Bernie Sanders Starts to Name Names to Set Himself Apart From Hillary Clinton
Just minutes into a recent speech, he said her name.
— -- The first event of Bernie Sanders’s swing through New Hampshire this weekend was uncharacteristically small. No large, chanting crowds commonplace to his campaign. Instead the Vermont senator visited a senior center in Manchester and spoke to a thoughtful group of about 20 people before taking their questions.
But it was not just the setting that was unusual for Sanders, something had changed in his remarks too. Just minutes into his speech, he said her name.
“Let me tell you a word about Social Security. I understand Secretary Clinton was here the other day. I think she and I have a strong disagreement on this,” he began, going on to talk about his proposal for maintaining and expanding Social Security by “scrapping the cap” on taxable income. By comparison, Clinton has only said she would consider such an idea.
For months, unless specifically asked about his primary opponent, Sanders did not mention Clinton while campaigning. Her name only came up in passing during Sanders’ stump speech. “This campaign is not about Bernie Sanders or Hillary Clinton. ... This campaign is about you,” he often said.
That all changed with a pivotal night for Sanders at Iowa Democratic Party’s famed Jefferson Jackson Dinner last week. At the event, Sanders delivered his most cutting critique of Clinton to date, albeit without naming her name. Rather, he ticked through a series of past, key political moments when the two of them differed -- from the Iraq War to the signing of the Defense of Marriage Act -- in order to argue that he was the true progressive. In the days immediately following the dinner, he told reporters it was important to show voters the differences between himself and Clinton.
According to Sanders’s senior staff, they had begun a second phase of their campaign: the “persuasion” phase. Instead of simply rallying his core supporters and boosting his name recognition, Sanders would actively seek to win over undecided Democratic and independent voters, by precisely articulating a contrast with Hillary Clinton.
What exactly that would look like in person, with voters, remained a mystery.
The two-day campaign stop in New Hampshire was the first time he had been back on the trail in an early voting state since his surprising speech in Iowa. Friday afternoon, at his second campaign stop of the day, he again made a point of drawing a comparison with Clinton -- using her name directly. Speaking about the fact that his campaign does not have a super PAC, he told volunteers at his new field office in Nashua, New Hampshire, “Our path in this campaign is much harder than virtually all the other campaigns, including Secretary Clinton’s campaign, which does have a super PAC.”
That evening though, at an event more typical of his campaign, with several hundred people filling the floor of a high school auditorium, Sanders shied away from using her name while addressing the crowd from his podium. “I am told through polls we have an excellent chance to win here in New Hampshire,” he said. “We have not yet put out our first TV ad, our major opponent has spent many, many millions of dollars and you may have seen one or two of her ads.” The line drew a laugh.

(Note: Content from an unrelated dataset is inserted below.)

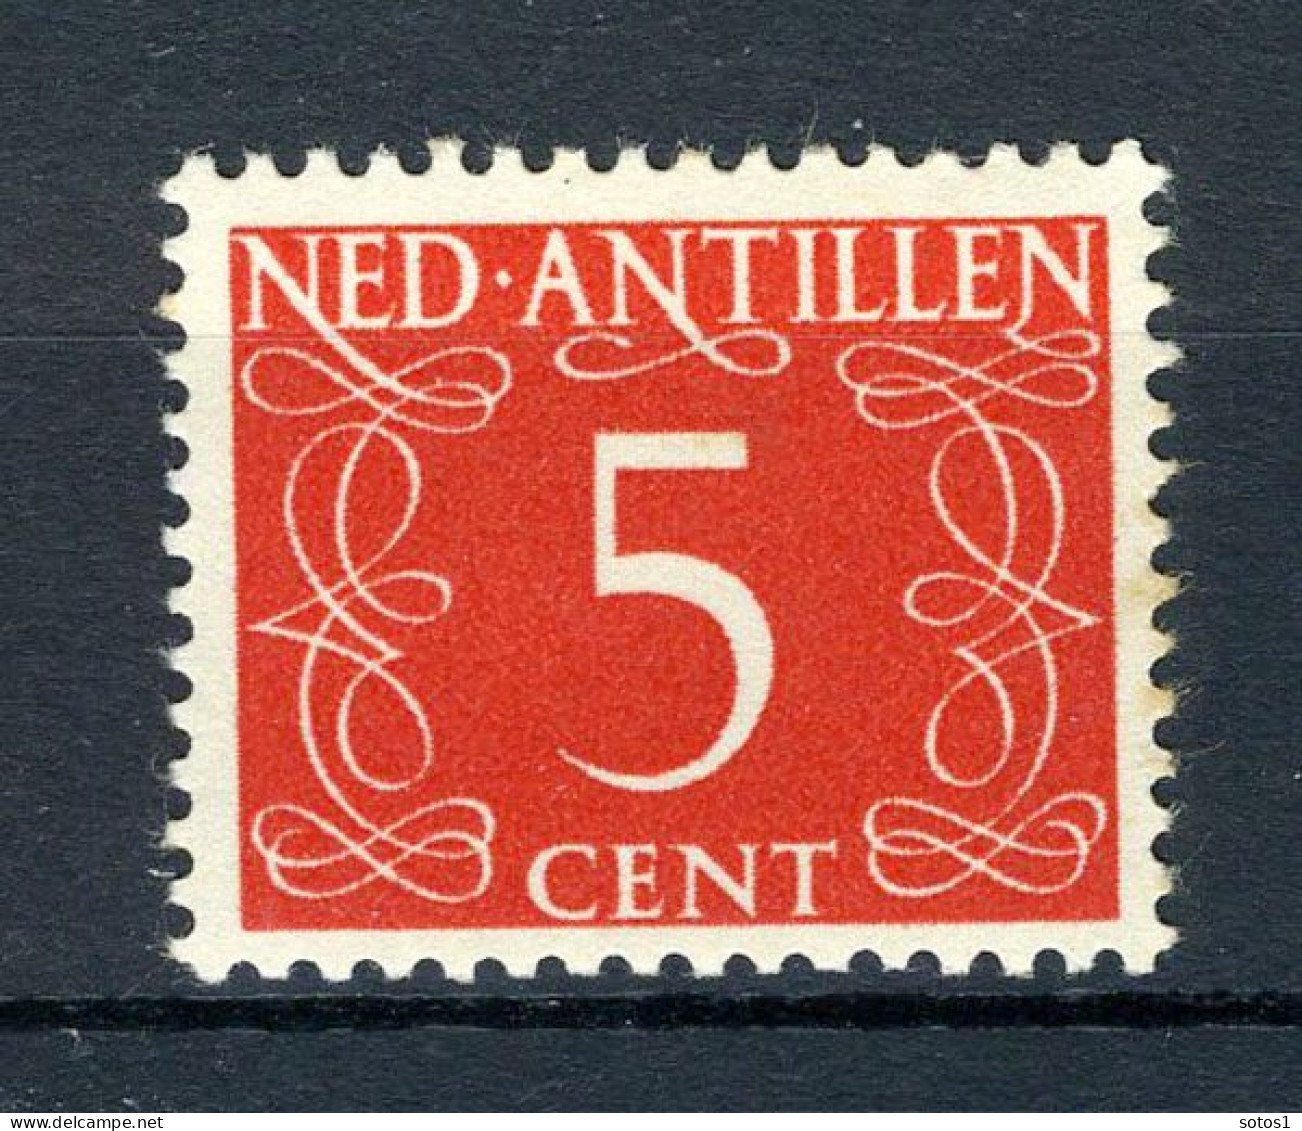 NL. ANTILLEN 217 MNH 1950 - Cijfer. - Niederländische Antillen, Curaçao, Aruba

He continued with pointed references to the her and her husband, though he did not say the word “Clinton.”
“I was there when NAFTA was written. I know who wrote it, I know who pushed it,” he said. According to the campaign, Sanders was referring broadly to Wall Street and corporations, but the trade deal was backed and signed by President Bill Clinton.
Sanders also reminded the crowd of the 1999 repeal of the Glass-Steagall Act -- that repeal allowed commercial banks to engage in investment banking. “I was in Congress at the time fighting against the deregulation of Wall Street. ... You had a Democratic president [President Bill Clinton], a Republican Congress. ... You had all these guys saying it was a great idea."
“I didn’t believe it for a second and helped lead the effort against it. Wasn’t successful," Sanders said.
It was not as though Sanders went out of his way or took every opportunity to say Clinton’s name while talking to voters. The second day of the trip, he did not mention his opponent during his remarks at either of his first two events. At the final rally of the weekend, Sanders instead landed on her husband’s name, again in reference to Wall Street regulations.
“I took on Alan Greenspan and Bill Clinton and the Republican parties -- trying to fight that deregulation [of banks]. Well, we lost that, and 15 years later as a result of the greed and illegal behavior on Wall Street, our economy crashed,” he said.
In the end, the line sounded very typical of Sanders’s campaign speeches, with one extra “Clinton” added.